# PVC  Exterior Trim and Caulking



## Krystene (Feb 3, 2010)

I just recently had new vinyl windows installed and on the last day had a guy install both my basement windows and new sliding glass doors.  When he installed the windows he said he could only caulk on the interior where the gun went (he couldn't get his gun under the soffit) and that the air I felt coming in the house was my interior air; yet it was cold air (I live in Pennsylvania and that week it was 20 degrees).  Additionally he caulked the exterior PVC window trim to the vinyl siding window trim of my house.  Is this correct or should he have removed the vinyl trim and then put his trim on and caulked it to the J chanel and then replaced the vinyl window trim for a finished look?

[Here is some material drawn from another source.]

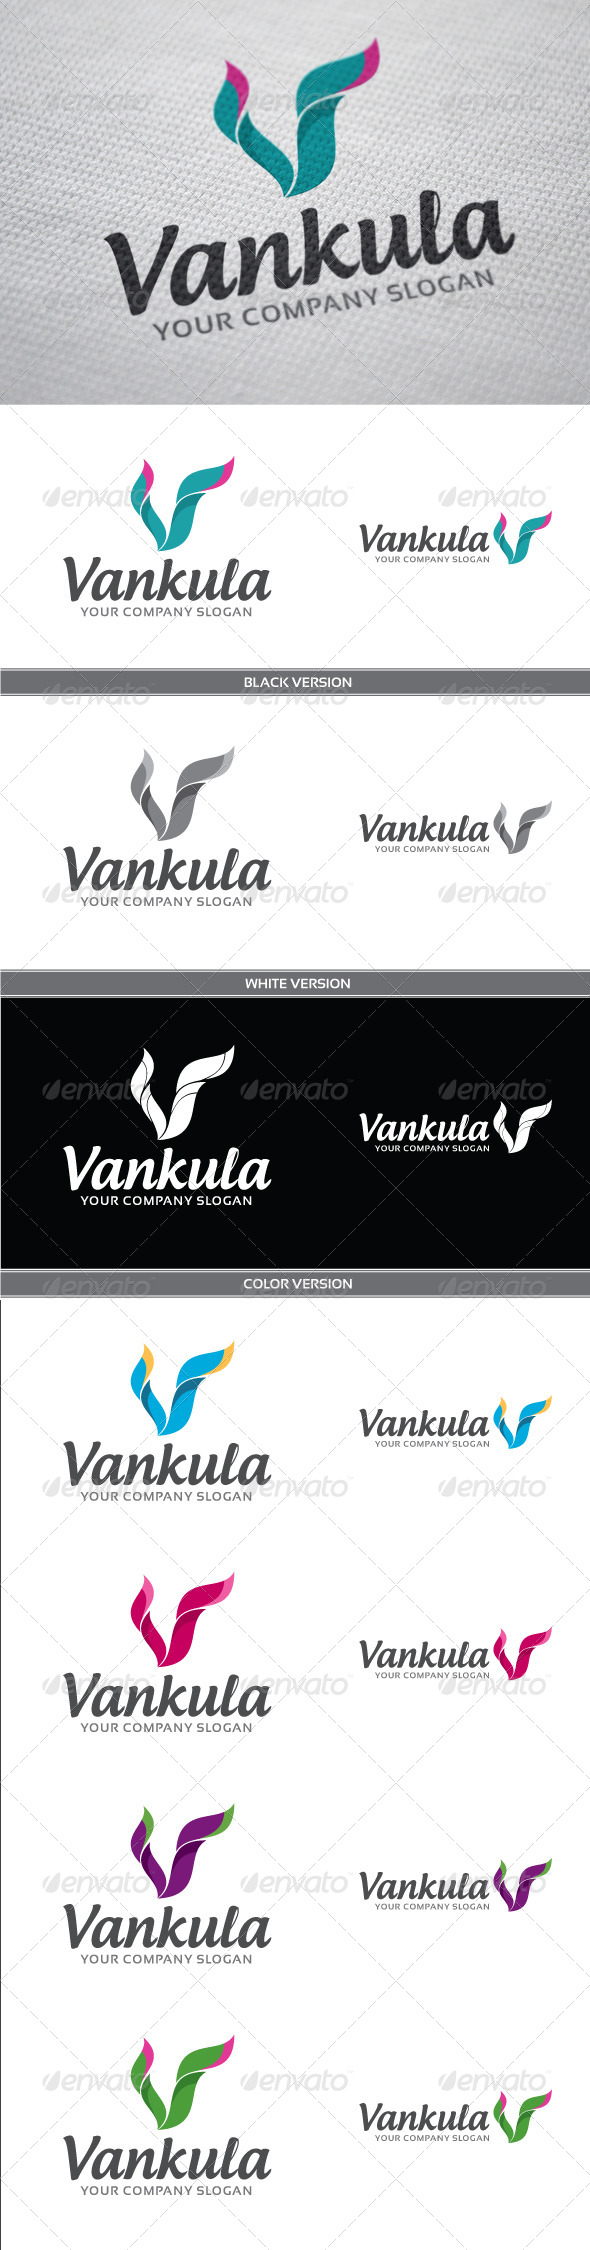 GraphicRiver Vankula 4134421

It looks sloppy to me and like a 5 year old caulked it.  Anyway it looks unfinished.  For the slideing glass door he did the same thing only on my exterior brick.  When he removed the old door (which was nicely trimmed out) he removed all the wood trim work and replaced it with PVC trim.  Because of how they installed the old door he had to insert the door 4 inches deeper into the opening leaving a 5 inch sill to trim out which he just filled in with PVC trim and caulked everywhere he had gaps.  Some of the gaps were an inch wide.  Again it has this sloppy and unfinished look and detracts from the new door.  Am I just being picky and this is the way it is meant to be installed and I'm just looking for that new installation look or should I call the company and complain and get them to fix it?


----------



## inspectorD (Feb 3, 2010)

get them out there if you are not satisfied. Caulking is for emergencies on the outside,and to fill interior flaws when painting. Not to keep water out of a home.
Let them know, that is the first thing.
And post a pic if you can....so we can get a look, and a chuckle.


----------